On December 25, 2009, I1 moved from Kentucky to Washington, D.C. to join the Department of Justice's Counterterrorism Section and its Al Qaeda Unit, joining an international effort to bring Al Qaeda's terrorists to justice. At the time, U.S. intelligence agencies considered Al Qaeda the country's primary national security threat.2 In fact, on that Christmas morning more than 15 years ago, while I drove into Washington for the first time, a Nigerian national, Umar Farouk Abdulmutallab, arrived in Detroit attempting to ignite a bomb hidden in his underwear on behalf of Al Qaeda in the Arabian Peninsula—an Al Qaeda affiliate based in Yemen.3 Although passengers subdued Abdulmutallab before he could cause any harm, he brought home the notion that Al Qaeda was still a threat to the homeland more than eight years after the September 11, 2001 attacks.

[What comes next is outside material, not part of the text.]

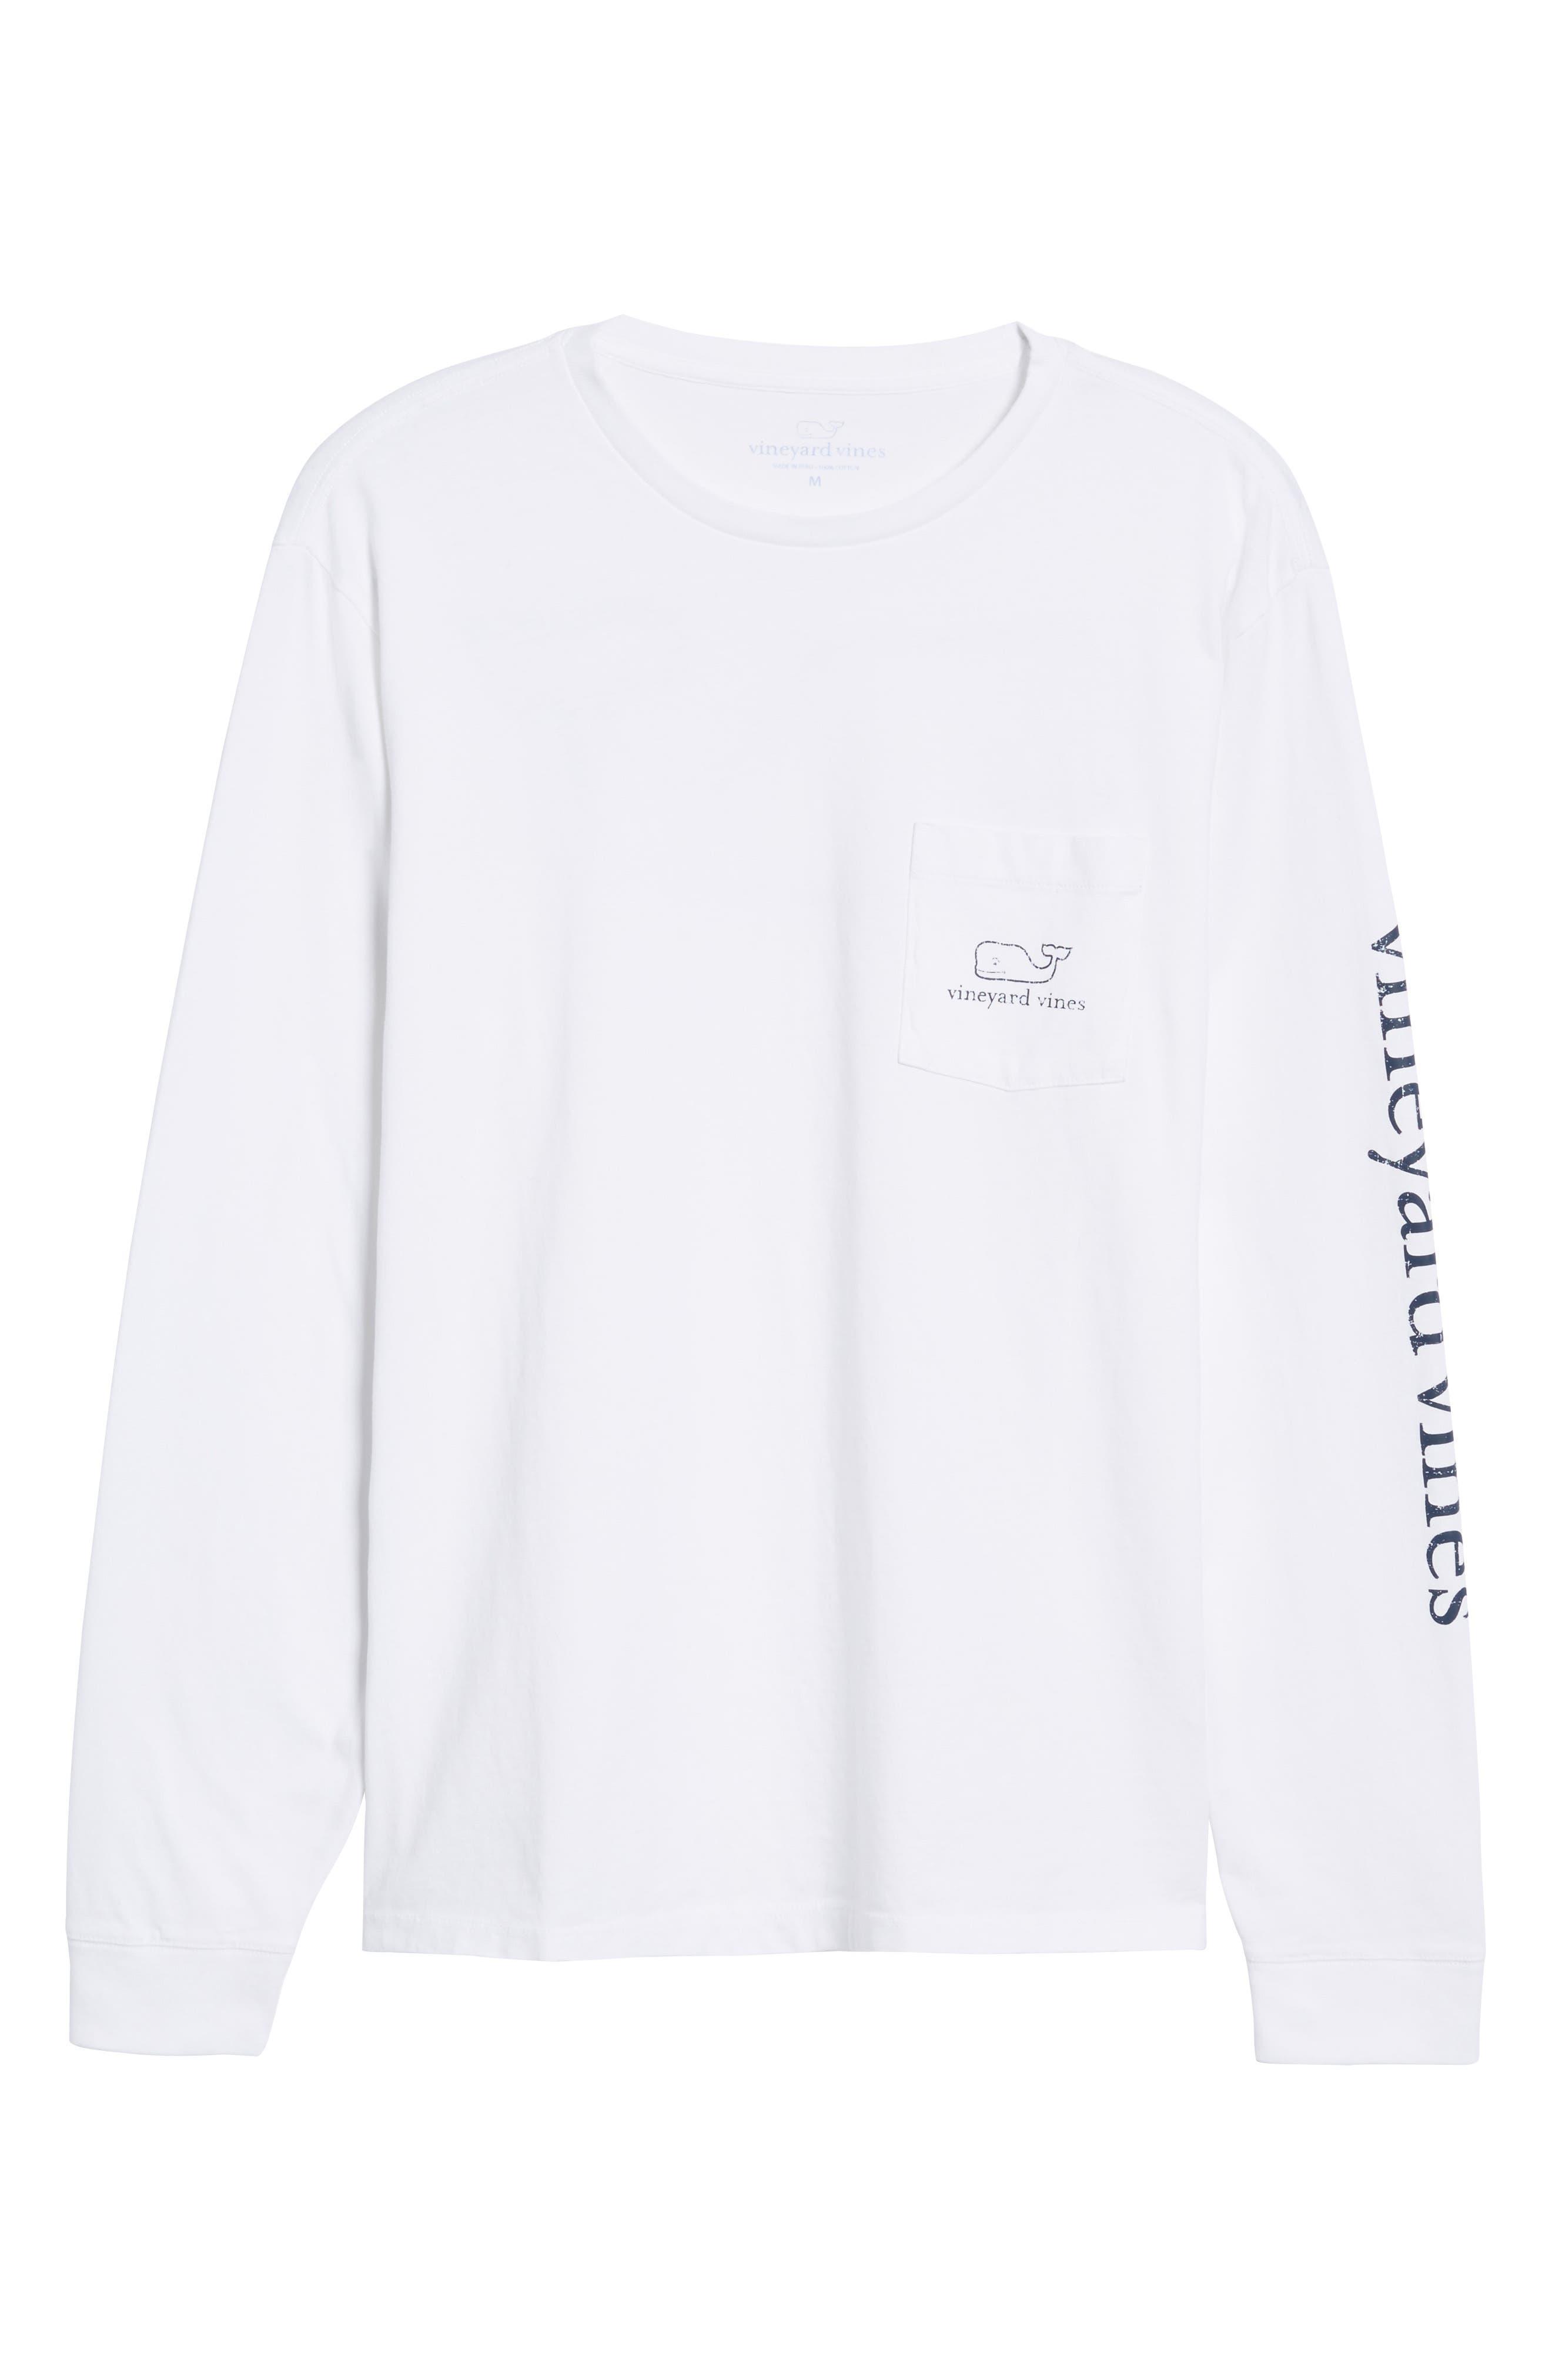 Vintage Long Sleeve Pocket T-Shirt, Main, color, WHITE CAP

Much has changed since then. According to the U.S. intelligence community, the People's Republic of China (“China”) has eclipsed Al Qaeda as the largest national security threat, and instead of attacking us with bombs, planes, or martyrs, China, Russia, North Korea, and criminal organizations—often working with nationstates—deploy weapons that don't target physical structures, but rather the nation's cyber network.4 And they are primarily targeting America's businesses with a focus on America's critical infrastructure.

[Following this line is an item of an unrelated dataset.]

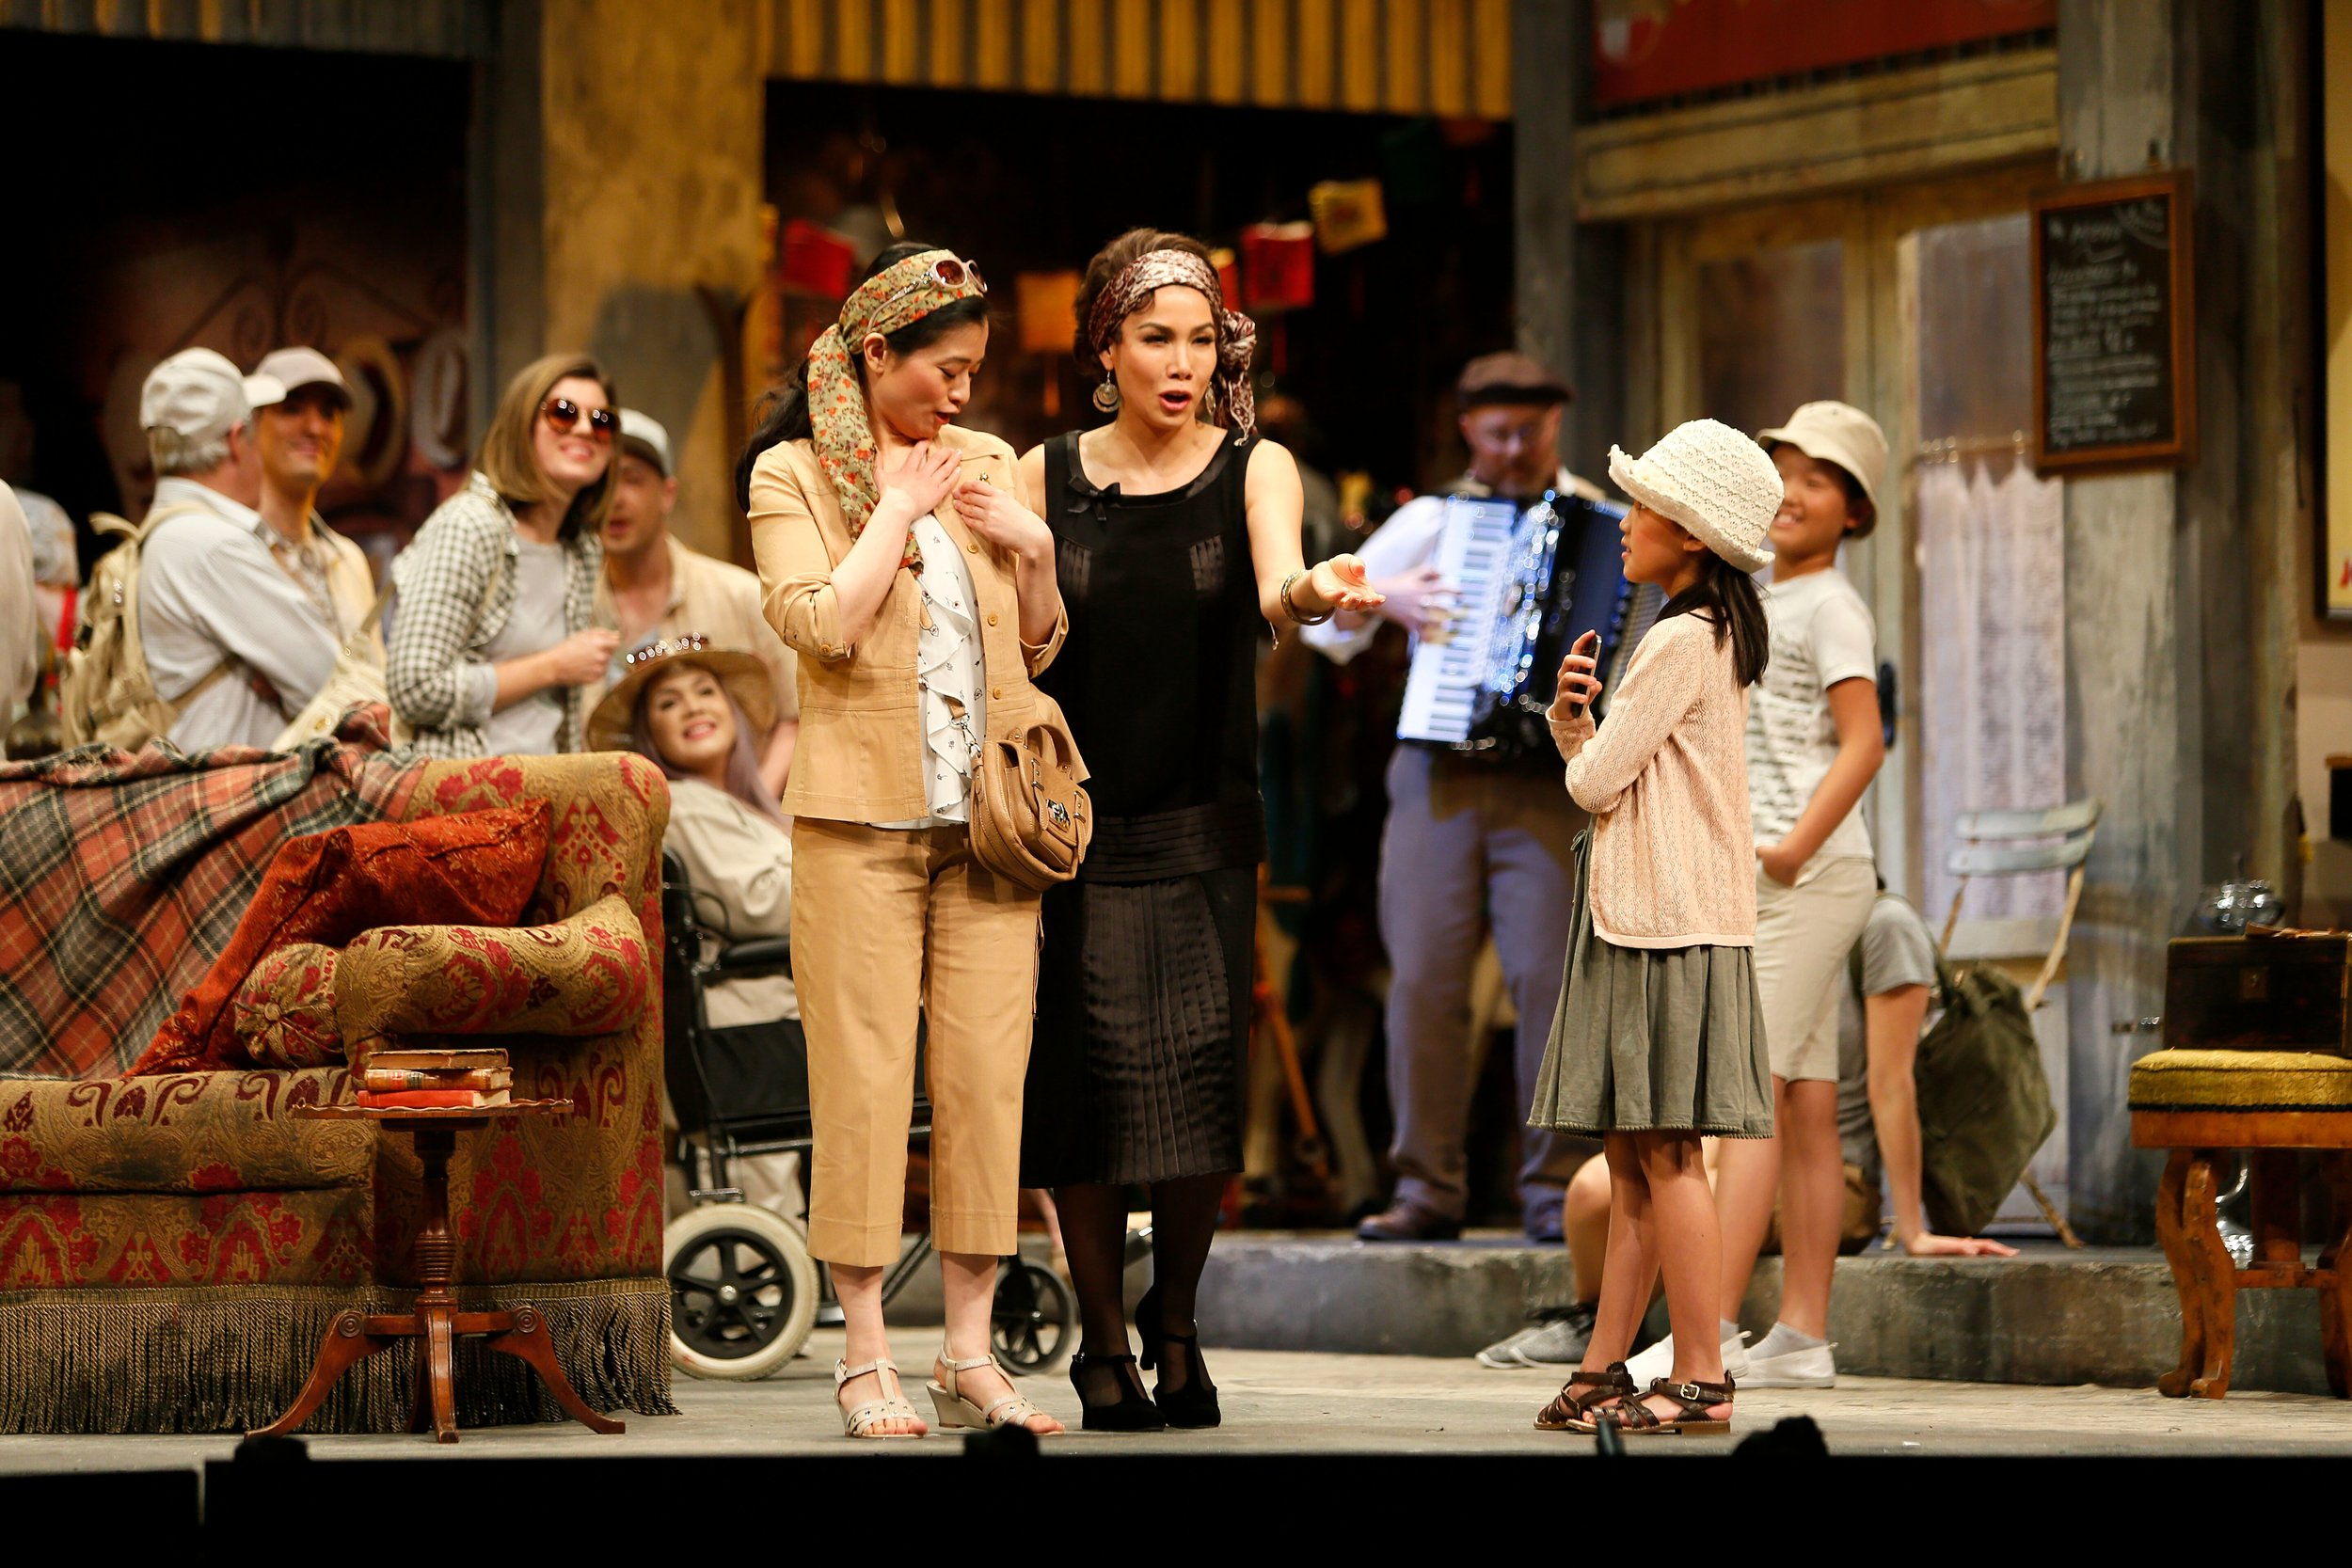 Vancouver Opera's prologue scene. Photo credit: Tim Matheson

According to the Cybersecurity and Infrastructure Security Agency (“CISA”), a U.S. federal agency responsible for safeguarding national cybersecurity and protecting critical infrastructure against threats, “[t]here are 16 critical infrastructure sectors . . . so vital to the United States that their incapacitation or destruction would have a debilitating effect on security, national economic security, national public health or safety, or any combination thereof.”5 Cybersecurity in these industries is crucial since any disruption or breach can lead to significant impacts on public safety, the economy, and national security. Four critical infrastructure sectors call Houston home—energy, health care, transportation (including the Port of Houston and two major airports), and a large concentration of chemical manufacturing companies. It is why Houston's businesses and public utilities are on the front lines of America's war against cyberattacks from government actors and criminal organizations.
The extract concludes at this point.